◆ **DATASET CONTENT**:
================

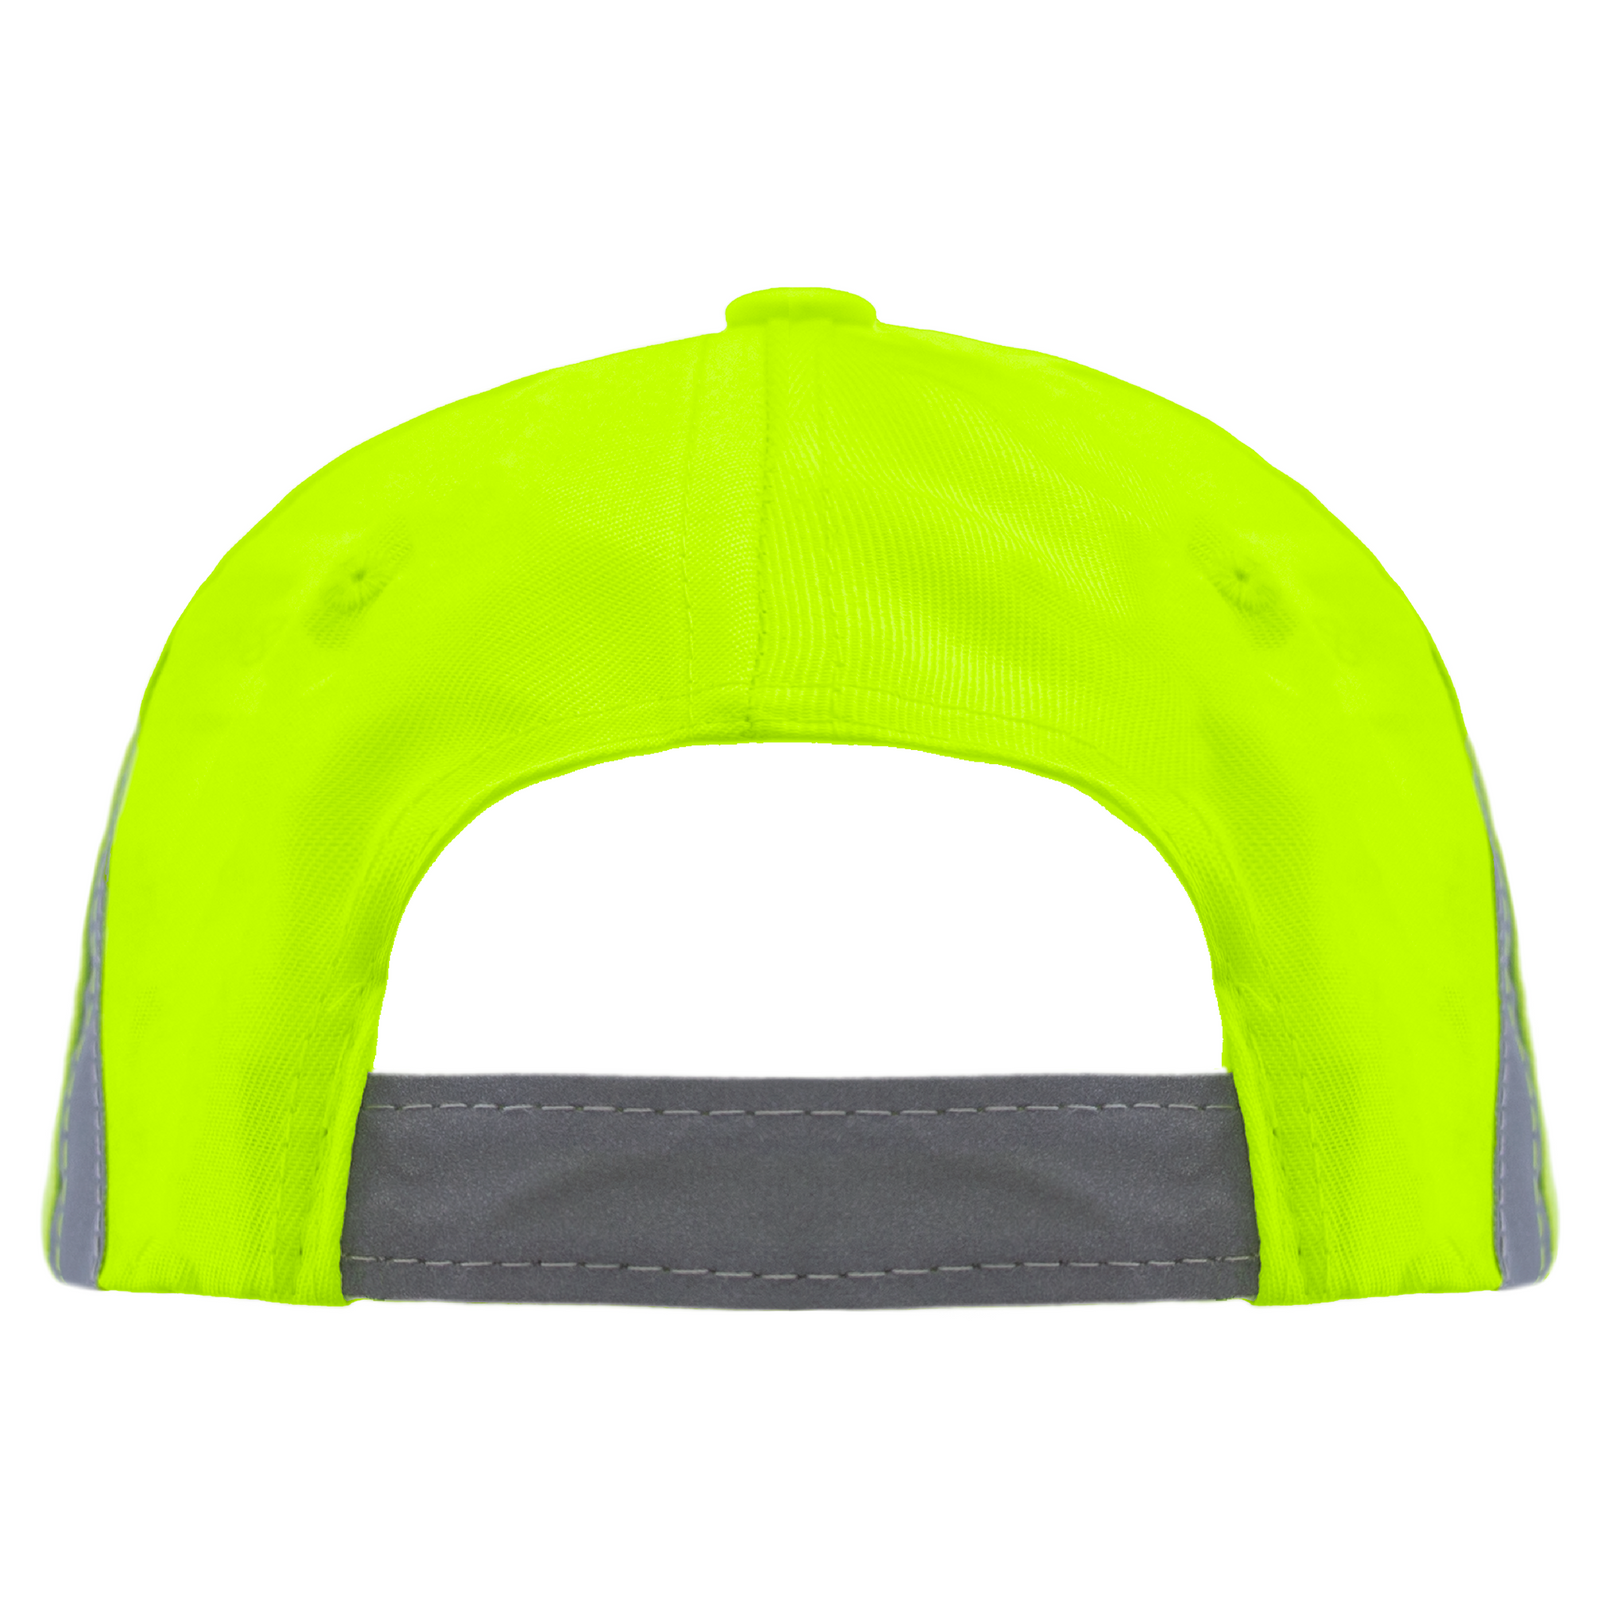 Back view of the Hi-vis lime JORESTECH safety cap with reflective stripes over white background
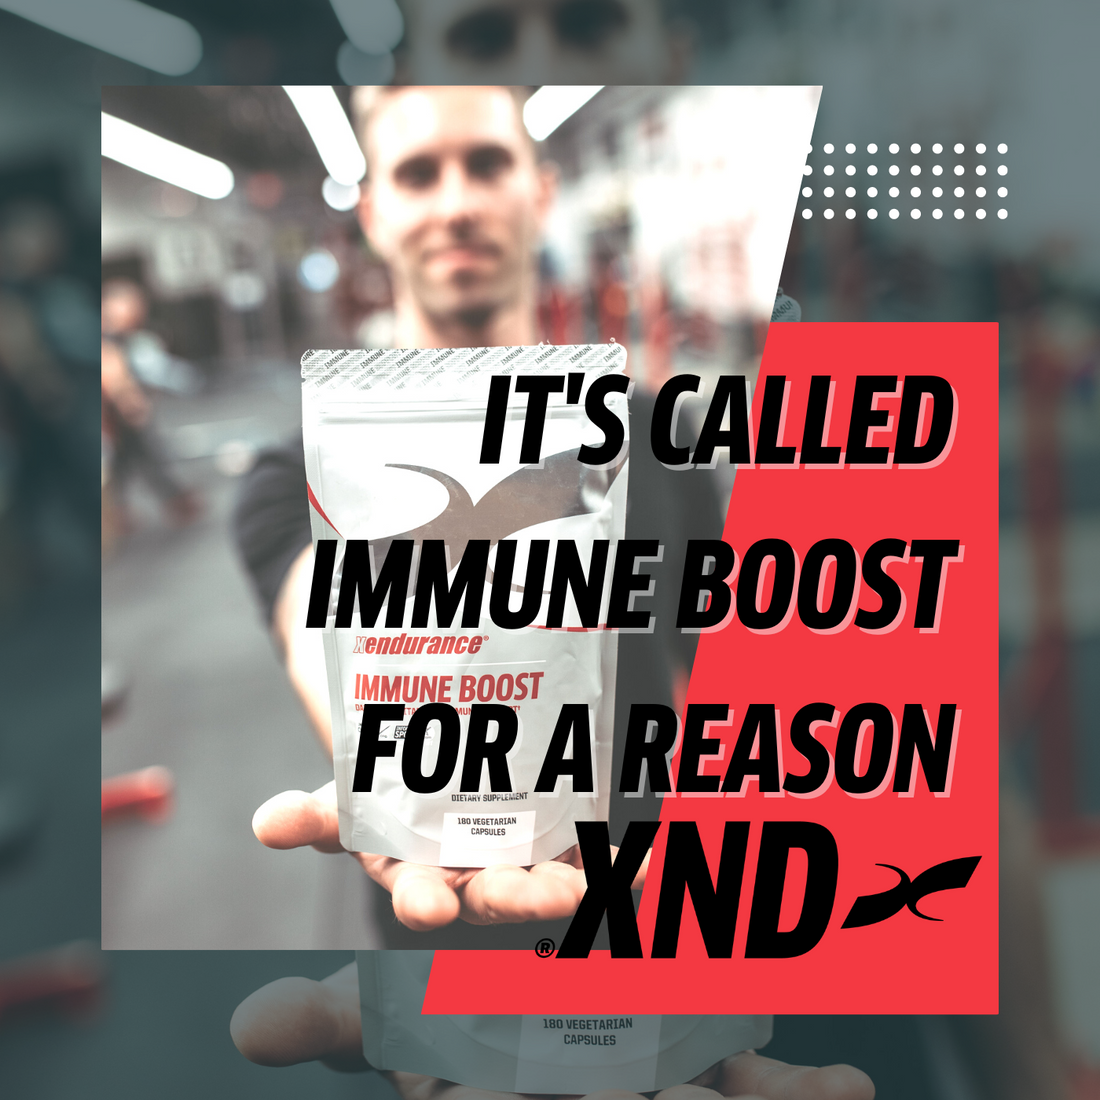 It’s called Immune Boost for a reason
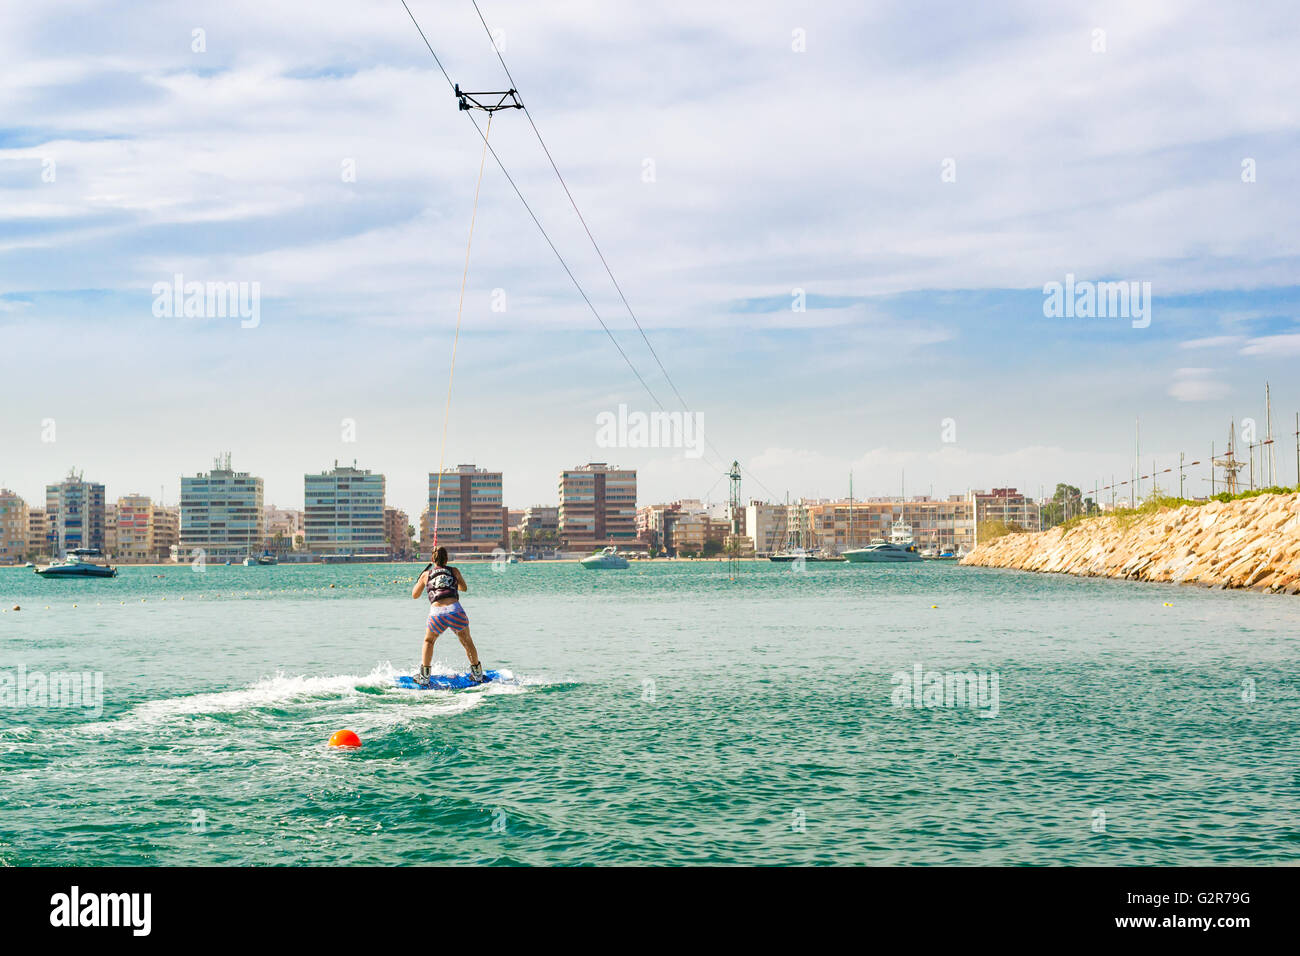 TORREVIEJA, SPAIN - SEPTEMBER 13, 2014: Cute girl learns to surf on background of yachts and boats in La Bocana, Cable Ski Stock Photo

================

Starting with the line that contains "It’s called Immune Boost for a reason", copy every line word for word through the end of the listing above, but leave out the pictures.

◆ **RESPONSE**:
 It’s called Immune Boost for a reason
 TORREVIEJA, SPAIN - SEPTEMBER 13, 2014: Cute girl learns to surf on background of yachts and boats in La Bocana, Cable Ski Stock Photo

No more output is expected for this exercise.